*** Data segment ***

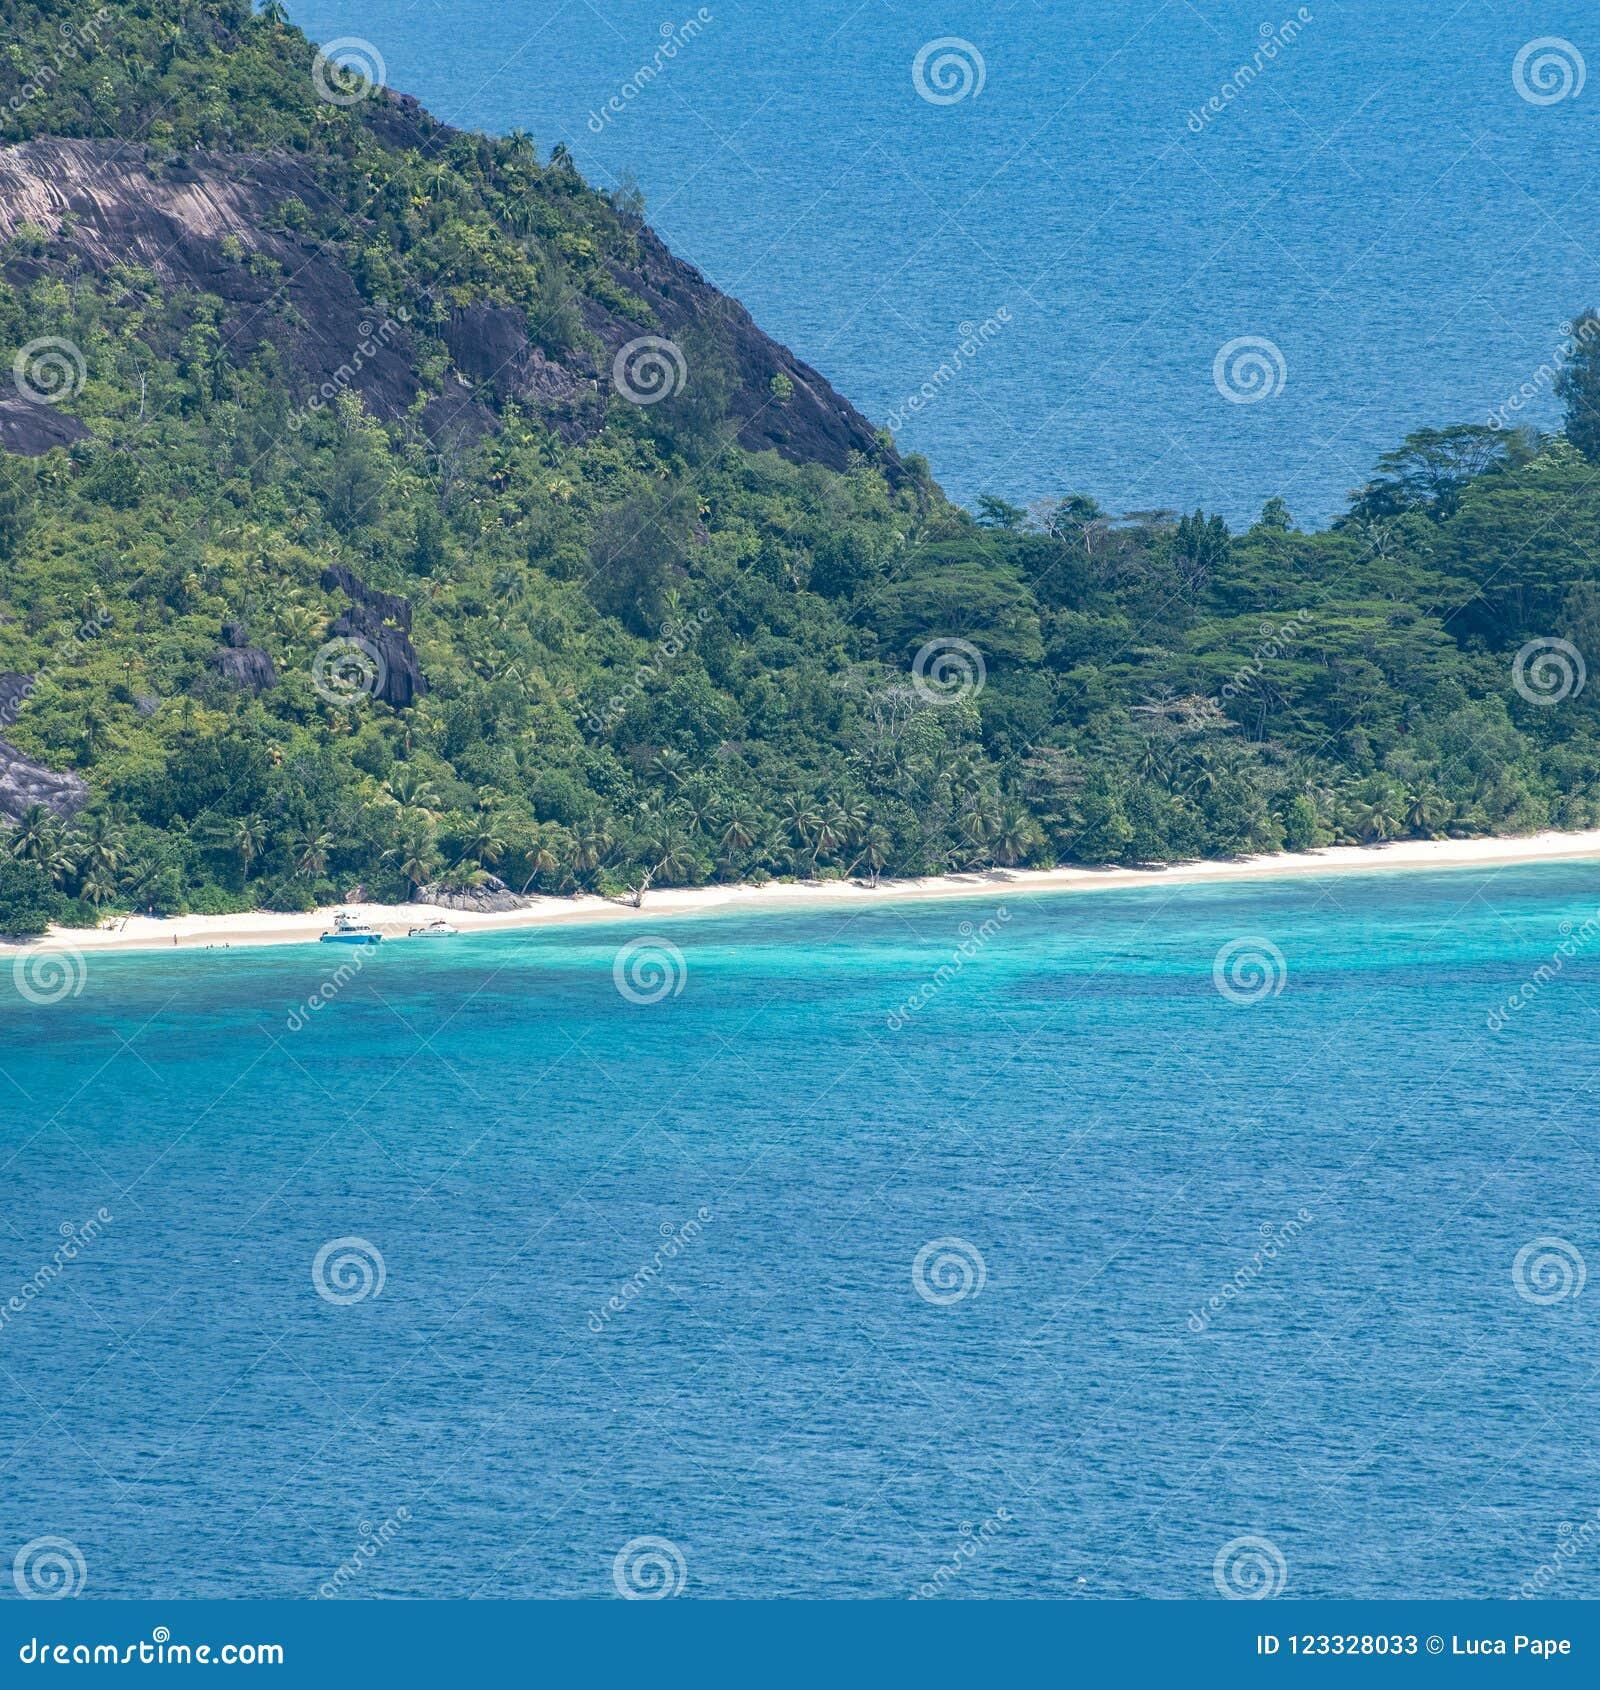 Seychelles Island Beaches: Tropical Island Beach In Seychelles With Boats Stock Image
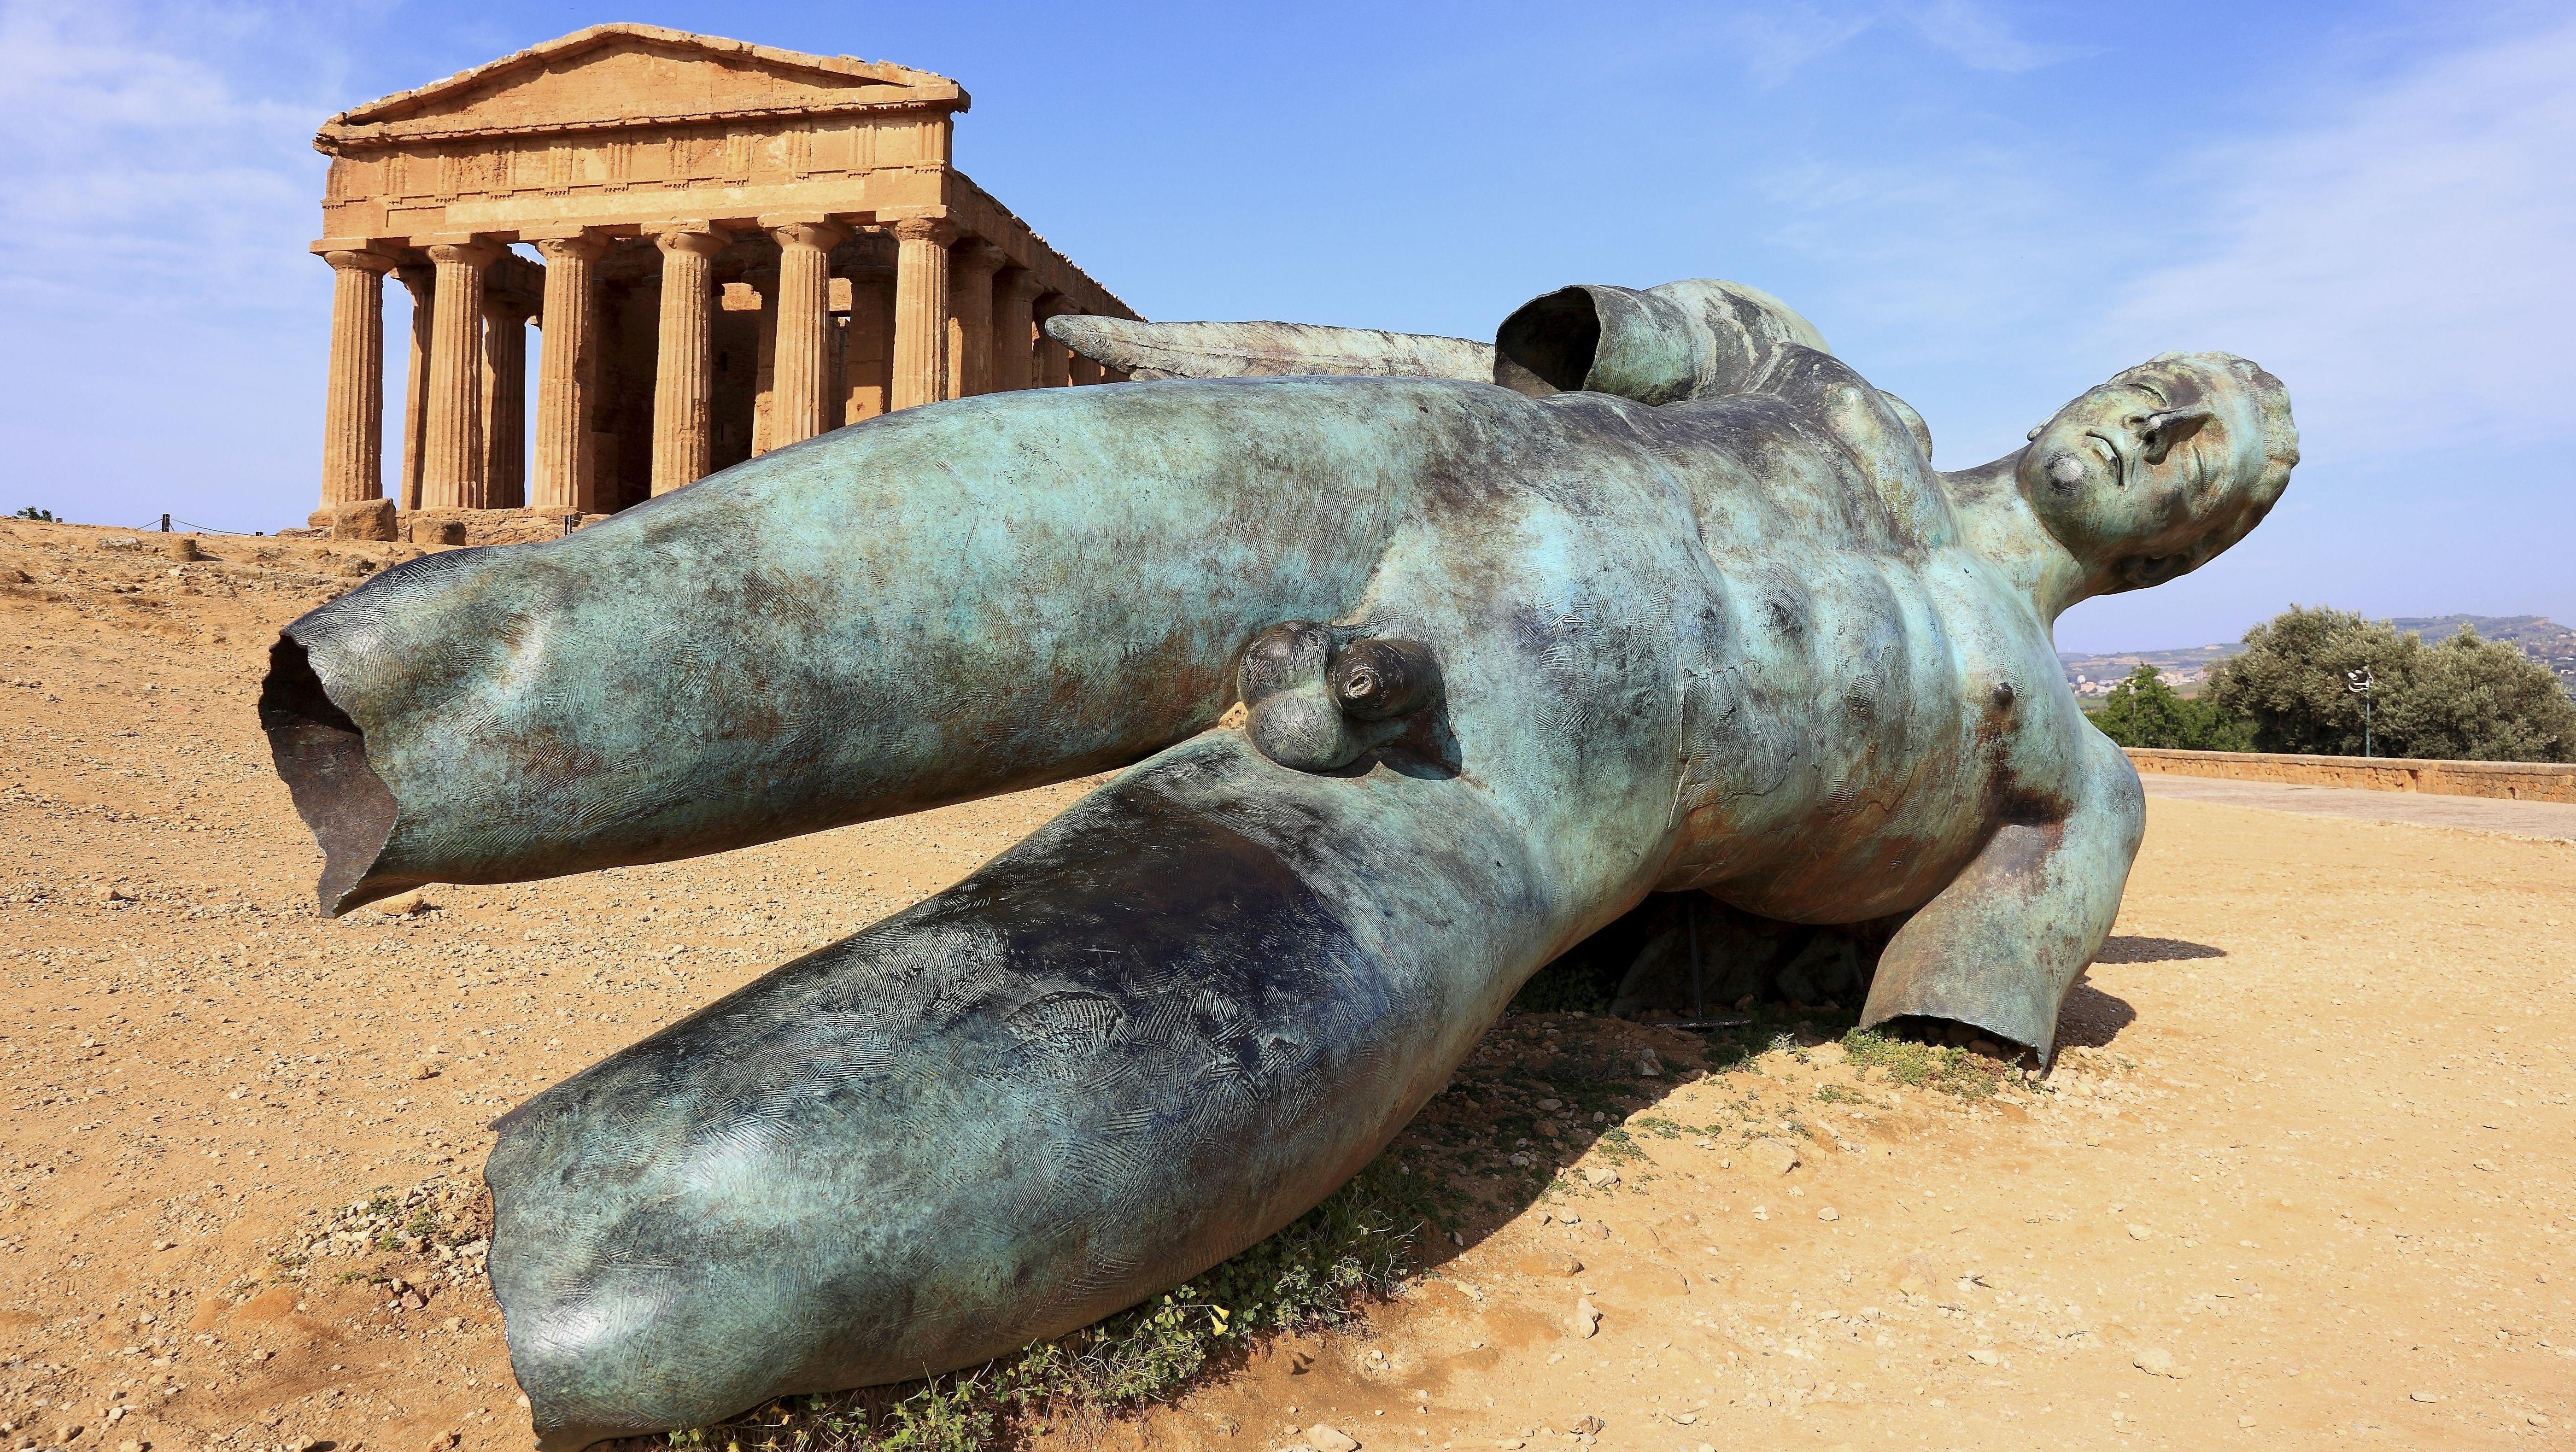 Die Skulptur des abgestürzten Ikarus vor dem Concordia-Tempel in Agrigent, Sizilien
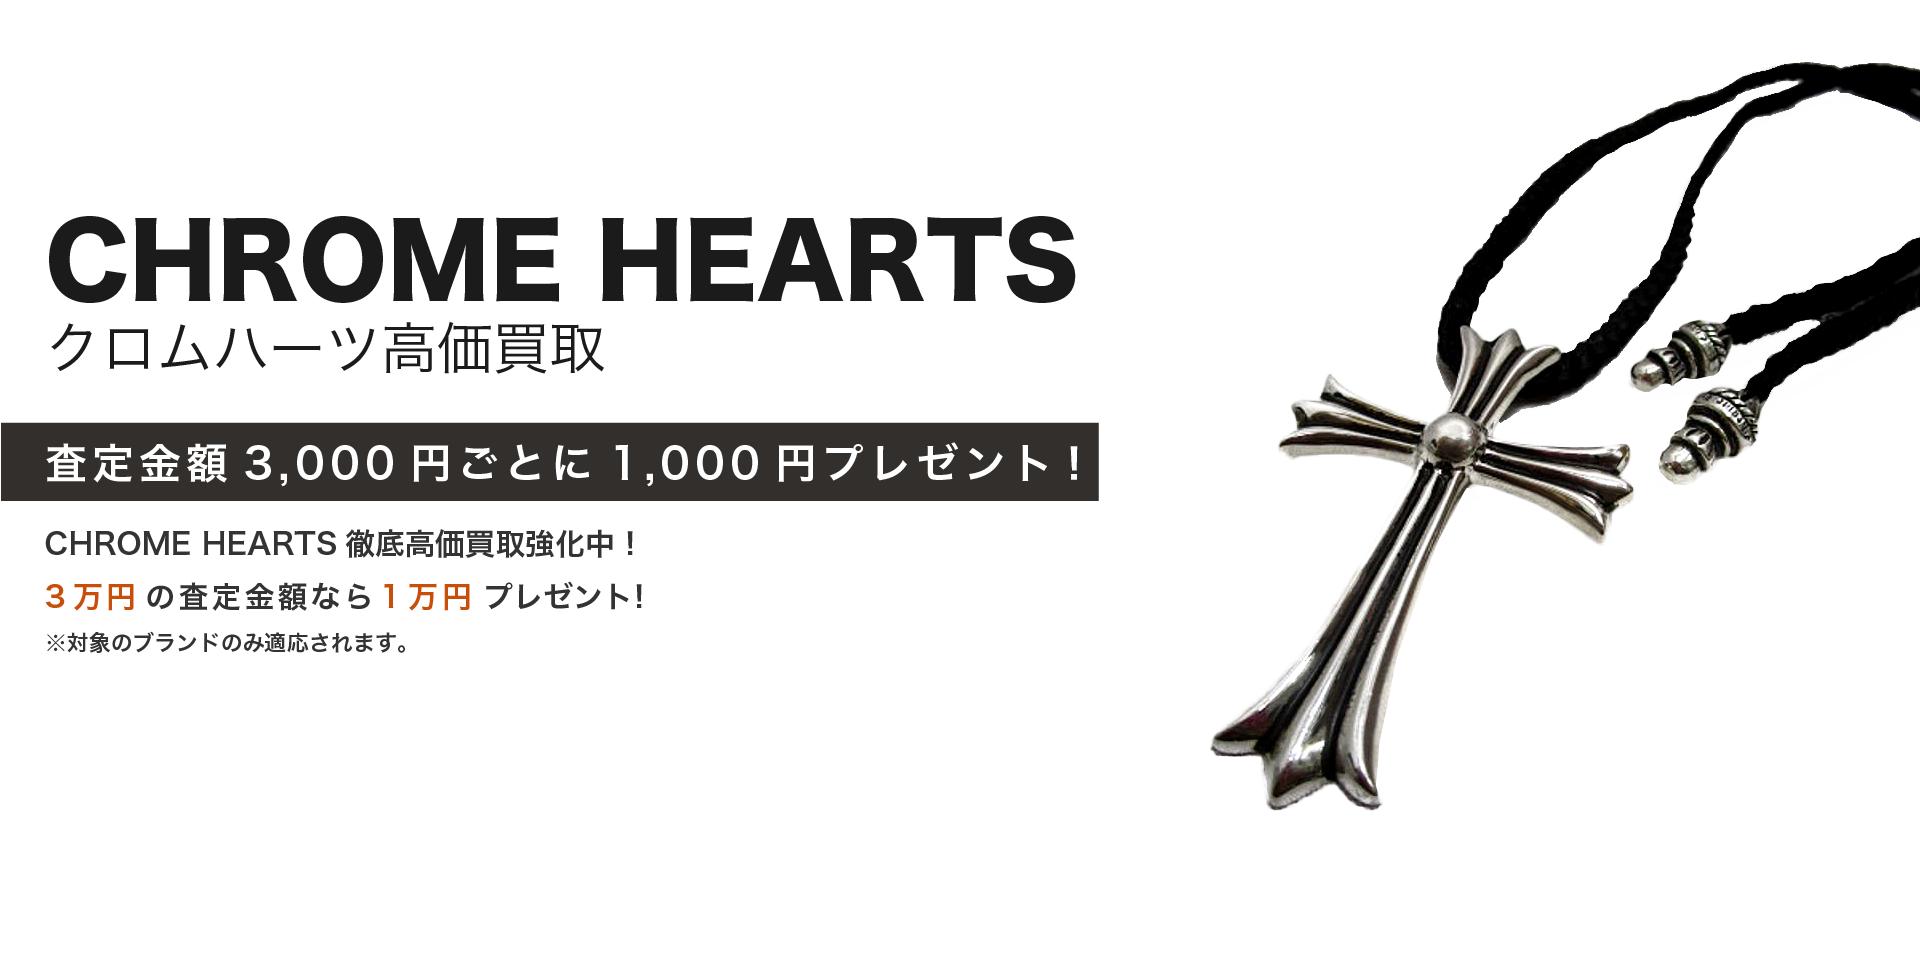 CHROME HEARTSのキービジュアル

*** End of Data segment ***

### What you are asked to do
Retype the full listing above precisely. Exclude each picture you find in it.

### Reply to the task
 Seychelles Island Beaches: Tropical Island Beach In Seychelles With Boats Stock Image
 Die Skulptur des abgestürzten Ikarus vor dem Concordia-Tempel in Agrigent, Sizilien
 CHROME HEARTSのキービジュアル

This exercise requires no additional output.